3.1.2 La culture comme objet

Bien évidemment, il est illusoire de penser qu’une seule définition de la culture, autant achevée soit-elle, puisse faire consensus ou puisse circonscrire un terme aussi touffu. Ainsi, en plus de la présenter tel un rapport (Simard, 2002), nous sommes d’avis que la culture peut également être un objet (Simard, 2002; Rogoff, 2003). Legendre (1993, p. 93), introduit le terme culture comme l’expression même de la vie sociale :

[...] ensemble des phénomènes sociaux (religieux, moraux, esthétiques, scientifiques, techniques, etc.) propres à une communauté ou à une société humaine [...], ou à une civilisation [...]. Ensemble des manières de voir, de sentir, de percevoir, de penser, de s’exprimer et de réagir ; ensemble des modes de vie, des croyances, des connaissances, des réalisations, des us et coutumes, des traditions, des institutions, des normes, des valeurs, des mœurs, des loisirs et des aspirations qui distingue les membres d’une collectivité et qui cimente son unité et son époque.

Beaucoup plus englobant et vaste que les caractéristiques de base de la société, telles la langue, le lieu géographique partagé ou l’histoire commune, la culture comme objet prend la forme de repères culturels15, dont l’exploitation en classe permet l’enrichissement par les élèves de leur propre rapport à la culture.
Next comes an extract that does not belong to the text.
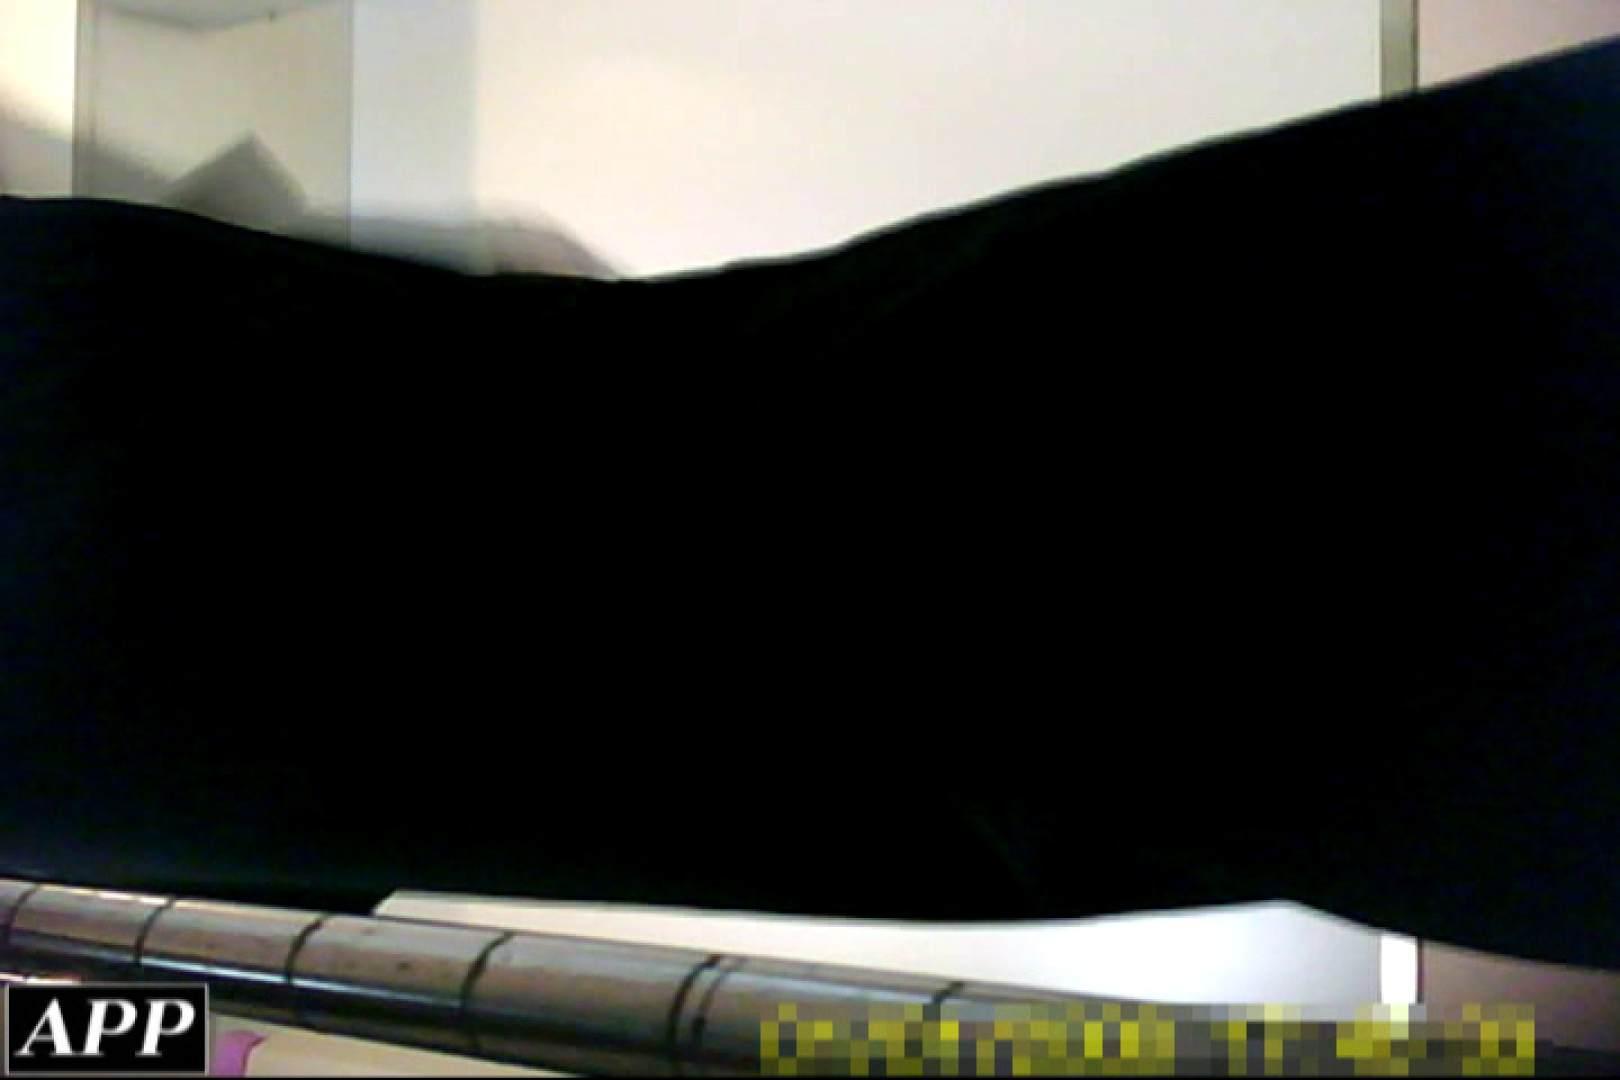 3視点洗面所 vol.84 マンコ アダルト動画キャプチャ 103pic 68

Ces objets culturels peuvent ainsi prendre diverses formes : un évènement, un produit médiatique, un objet de la vie courante, un objet patrimonial, une référence territoriale, une réalisation artistique, une découverte scientifique, des modes de pensée, des valeurs qui conditionnent les comportements, etc. pour autant que ces formes revêtent une signification particulière sur le plan culturel (Simard, 2001; 2002).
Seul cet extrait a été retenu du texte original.